The Australian Securities and Investments Commission (Financial Services and Credit Panels) Determination 2022 is a Commonwealth notifiable instrument made under the Australian Securities and Investments Commission Act 2001. Its legal job is narrow but important. It identifies the people who are eligible to be appointed to Financial Services and Credit Panels, and it states the period during which each listed person is eligible.

The current compilation on the Federal Register of Legislation is Compilation No. 1, dated 7 December 2024. That compilation includes amendments made by the Australian Securities and Investments Commission (Financial Services and Credit Panels) Amendment Determination 2024.

This means the instrument is best understood as an eligibility list. It is not the full legal framework for how panels are convened, how hearings run, what evidence is considered, or what outcomes may follow in a particular matter. Those broader questions sit outside the four corners of this Determination.

What the Determination actually does, and what it does not do

Section 5 of the instrument is the operative provision. It states that, under subsection 141(1) of the ASIC Act, each person specified in the table is determined to be eligible to be appointed to Financial Services and Credit Panels during the period specified for that person.

In practical terms, the instrument does two things only. First, it names eligible individuals. Second, it gives each person an eligibility period. Some listed people are eligible from 1 January 2022 to 31 December 2027, while others are eligible only until 31 December 2024.

Just as important is what the instrument does not do. It does not itself impose compliance duties on licensees. It does not create a new trigger for ASIC action. It does not explain panel procedure. It does not set out how ASIC chooses among eligible people for a particular panel. It also does not decide any individual case or allegation.

For businesses, that distinction matters. You should not read this Determination as a source of substantive conduct obligations. Instead, read it as a procedural reference point that may become relevant if ASIC uses the panel framework in relation to a matter affecting your business.

Who is in scope

The instrument directly applies to the named individuals listed in the table because it determines their eligibility for appointment to Financial Services and Credit Panels. Indirectly, it is relevant to regulated businesses and professionals who may be involved in a panel matter under the ASIC Act.

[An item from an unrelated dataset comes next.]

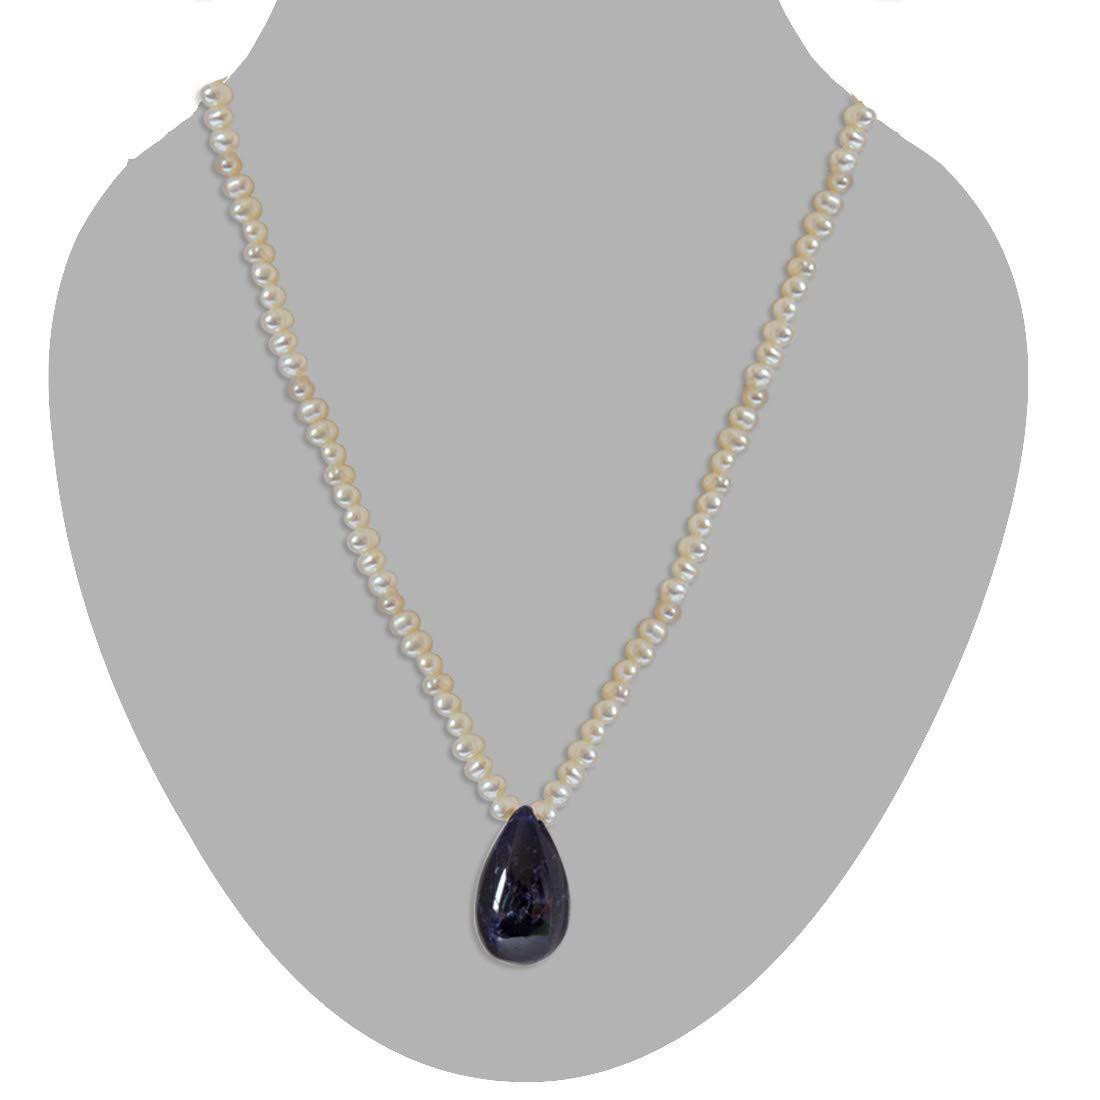 Sapphire Splendor Siren - Real Drop Blue Sapphire & Freshwater Pearl Necklace for Women (SN200)

That usually includes Australian financial services licence holders and Australian credit licence holders. It can also matter for advice businesses, lenders, brokers, and fintech operators carrying on regulated financial services or credit activities. Internal legal, compliance and risk teams may need to check the instrument if a panel process is raised in correspondence or proceedings.

Businesses outside ASIC's financial services and credit licensing framework will usually have little direct reason to rely on this instrument. For example, a business that does not hold a relevant licence and does not carry on regulated financial services or credit activities is unlikely to need the Determination in ordinary operations.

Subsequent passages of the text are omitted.